As a part of data workflow I need to modify values in a subset of dask dataframe columns and pass the results for further computation. In particular, I'm interested in 2 cases: mapping columns and mapping partitions. What is the recommended safe & performant way to act on the data? I'm running it a distributed setup on a cluster with multiple worker processes on each host.
Case1.
I want to run:
res = dataframe.column.map(func, ...)
this returns a data series so I assume that original dataframe is not modified. Is it safe to assign a column back to the dataframe e.g. dataframe['column']=res
? Probably not. Should I make a copy with .copy() and then assign result to it like:
dataframe2 = dataframe.copy()
dataframe2['column'] = dataframe.column.map(func, ...)
Any other recommended way to do it?
Case2
I need to map partitions of the dataframe:
df.map_partitions(mapping_func, meta=df)
Inside the mapping_func() I want to modify values in chosen columns, either by using partition[column].map
or simply by creating a list comprehension. Again, how do modify the partition safely and return it from the mapping function?

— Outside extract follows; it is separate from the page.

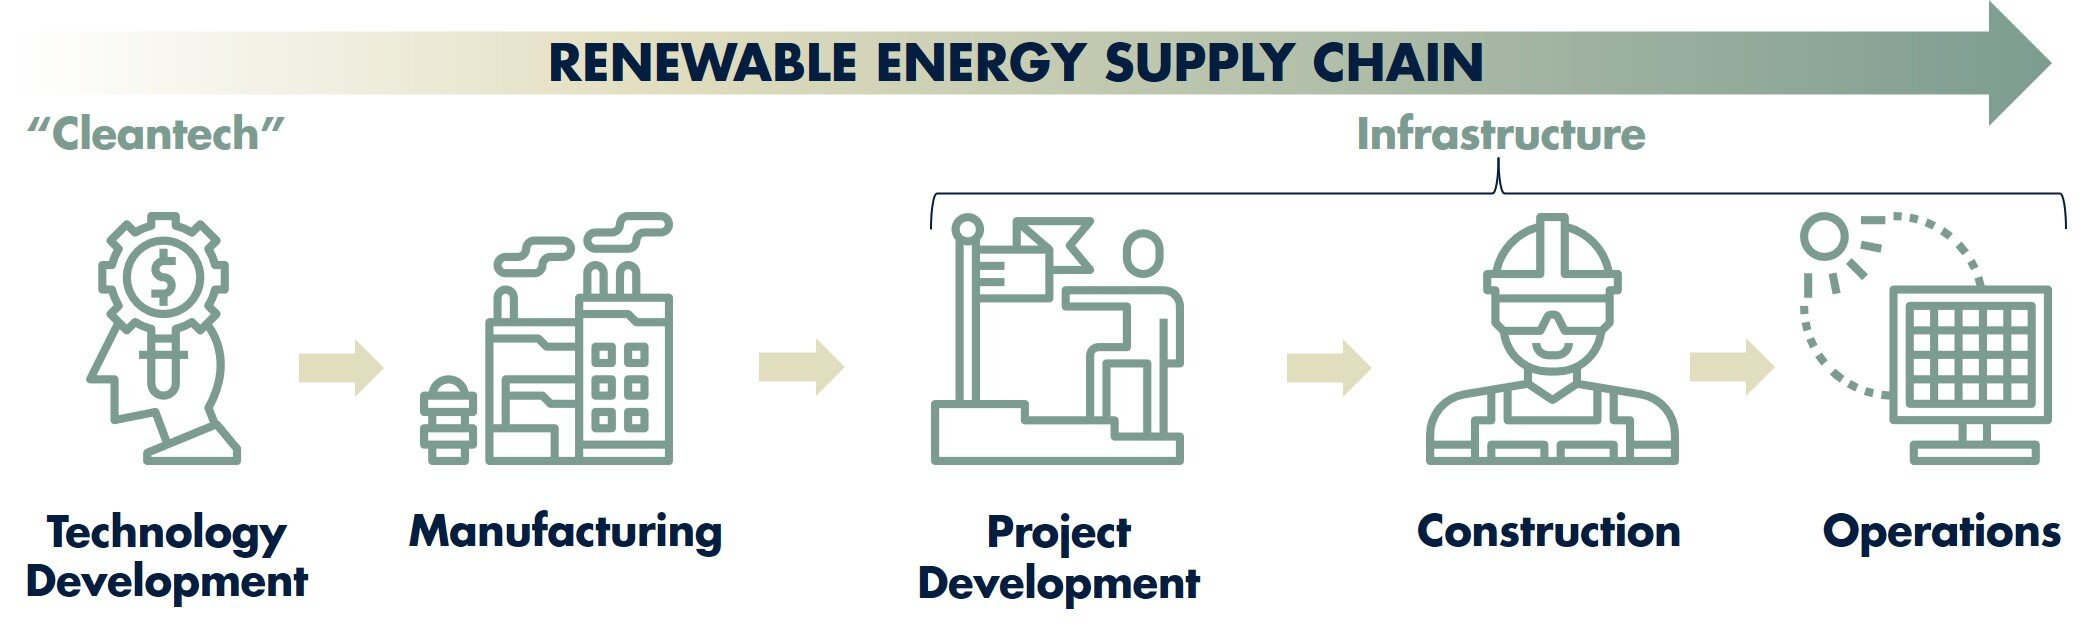 Image 12 - supply chain.jpg

Partition received by mapping function is a Pandas dataframe (copy of original data?) but while modifying data in-place I'm seeing some crashes (no exception/error messages though). Same goes for calling partition.copy(deep=False)
, it doesn't work. Should partition be deep copied and then modified in-place? Or should I always construct a new dataframe out of new/mapped column data and original/unmodified series/columns?
You can safely modify a dask.dataframe
Operations like the following are supported and safe
This modifies the task graph in place but does not modify the data in place (assuming that the function
func
creates a new series).You can not safely modify a partition
Your second case when you
map_partitions
a function that modifies a pandas dataframe in place is not safe. Dask expects to be able to reuse data, call functions twice if necessary, etc.. If you have such a function then you should create a copy of the Pandas dataframe first within that function.